You may have heard evidence that contradicts this conclusion. I urge you to examine this evidence carefully. The single study that is most often mentioned by government representatives and others as evidence supporting the effectiveness of this aspect of the bill has been thoroughly discredited. 

This type of blunt analysis should cause any Government concerned with evidence based policy making some concern.  Despite the evidence, Bill C-2 bill passed with the offending provisions intact.  Most shockingly, at the time the bill passed by a vote of 221 to 1 (there were some notable abstentions from the vote, included Mr. Irwin Cotler). 

In the last few months various members of parlament, including, Mr. Cotler, Mr. Trudeau, and Mr. Casey  have expressed concern with the Conservative Government’s criminal justice policy in general and with minimum sentences specifically.

In responce to Mr. Cotler’s critism of the Conservative Party’s position It was also pointed out that he has introduced mandatory minimums what he was in Government:

Slightly inconvenient, @IrwinCotler : When you were justice minister, you introduced mandatory minimums: http://t.co/GhAh9TlEXM

— David Akin (@davidakin) November 12, 2013

Mr. Cotler must be commended in his response to this critisism.  He quit franly said that his views have evolved and changed over time. He has come to be convinced by the evidence that minimum sentences are bad policy. 
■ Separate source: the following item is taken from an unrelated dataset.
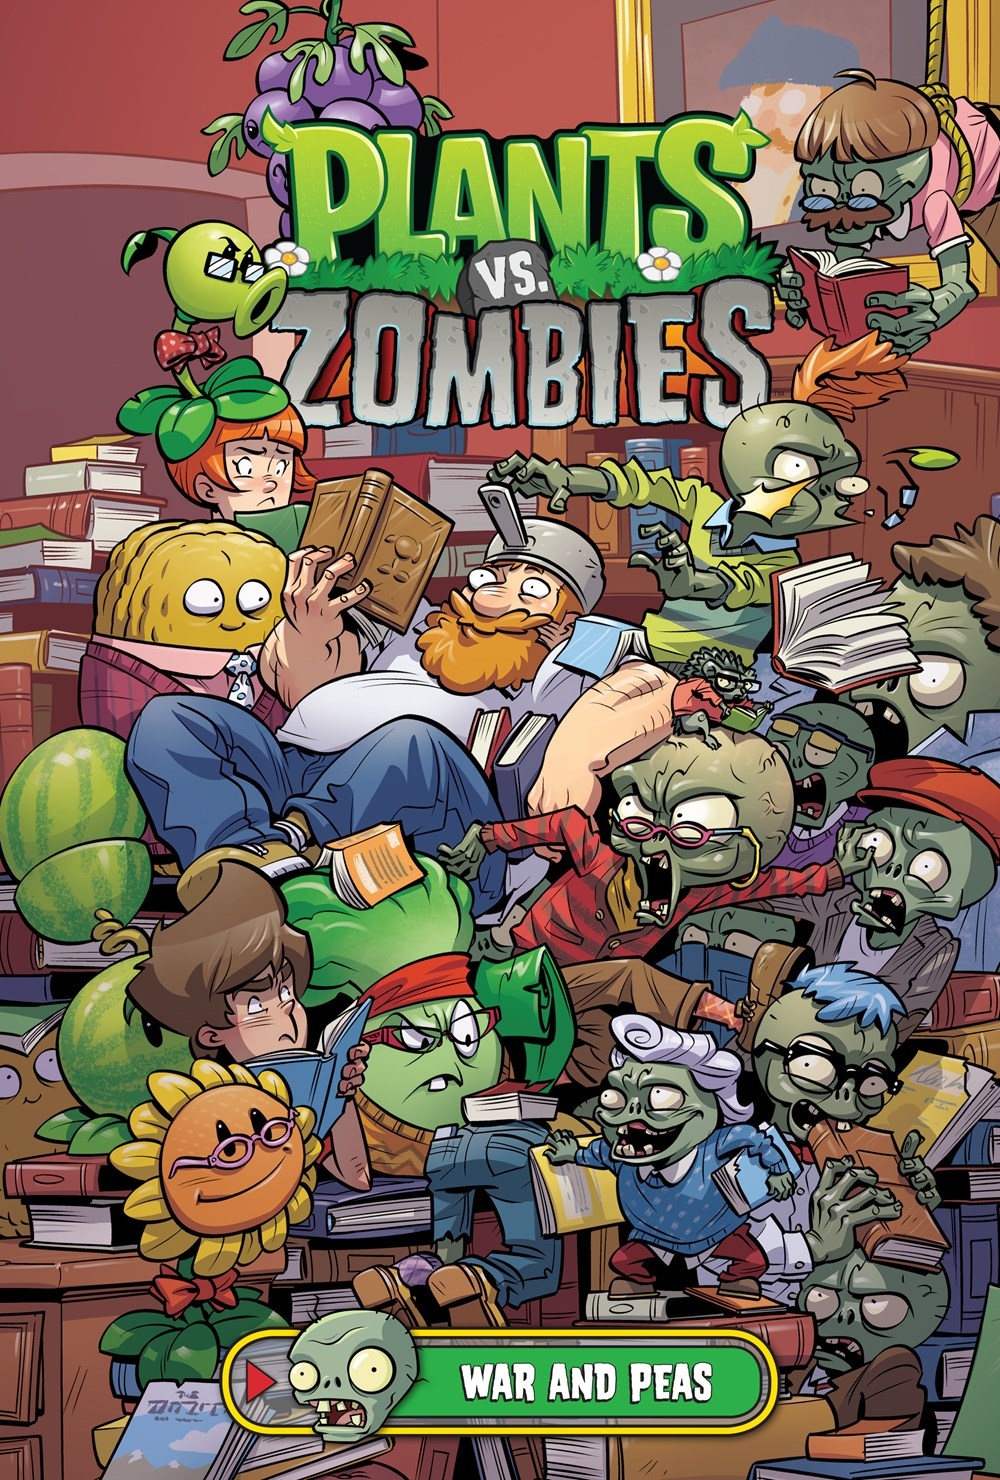 Plants vs. Zombies Volume 8: Lawn of Doom : Tobin, Paul, Chan, Ron

@davidakin Not at all – I talk about how my views changed: http://t.co/0dbYw2FTll

— Irwin Cotler (@IrwinCotler) November 12, 2013

The evidence based approach by Mr. Cotler and the evolution of his views can be contrasted to the short sighted, ideological, and partisan thoughts of the Justice Minister Peter MacKay who said:

Mandatory minimums ensure those who commit serious or repeat offences are not free to re-commit those offences #cdnpoli #justice

— Peter MacKay (@MinPeterMacKay) November 12, 2013

Shameful that @JustinTrudeau & #LPC oppose mandatory minimum sentencing & seek lighter sentences for the most violent criminals #cdnpoli

— Peter MacKay (@MinPeterMacKay) November 12, 2013

These comments only serve to demonstrate that Mr. Mackay is still not listening to the evidence.  

The expert evidence was and is clear.  Minimum sentences do not reduce recidivism or keep communities safer.  Minimum sentences may incapacitate an offender – for a while – but they do not address the larger criminological issues.

It is a blatant falsehood and a gross misrepresentation to say that those who oppose mandatory sentences seek lighter sentences for violent offenders.  

Those who oppose mandatory minimum sentences wish to see the appropriate and constitutional sentence imposed.  They wish to give judges the discretion to make the appropriate decisions.  Those who oppose minimum sentence wish to see justice done in a way that does not offend standards of decency.  This is not acheieved by a one size fits all minimum sentence.

Mr. MacKay continues to blindly suppors mandatory sentences and seeks to vilify those who disagree with him.  

Using the wording of the Court of Appeal it is Mr. MacKay who, in the absence of evidence, continues to supports sentences that can be so excessive as to outrage standards of decency.  It is this position that should be vilified.  

This is not the judgement that we should expect from our Minister of Justice.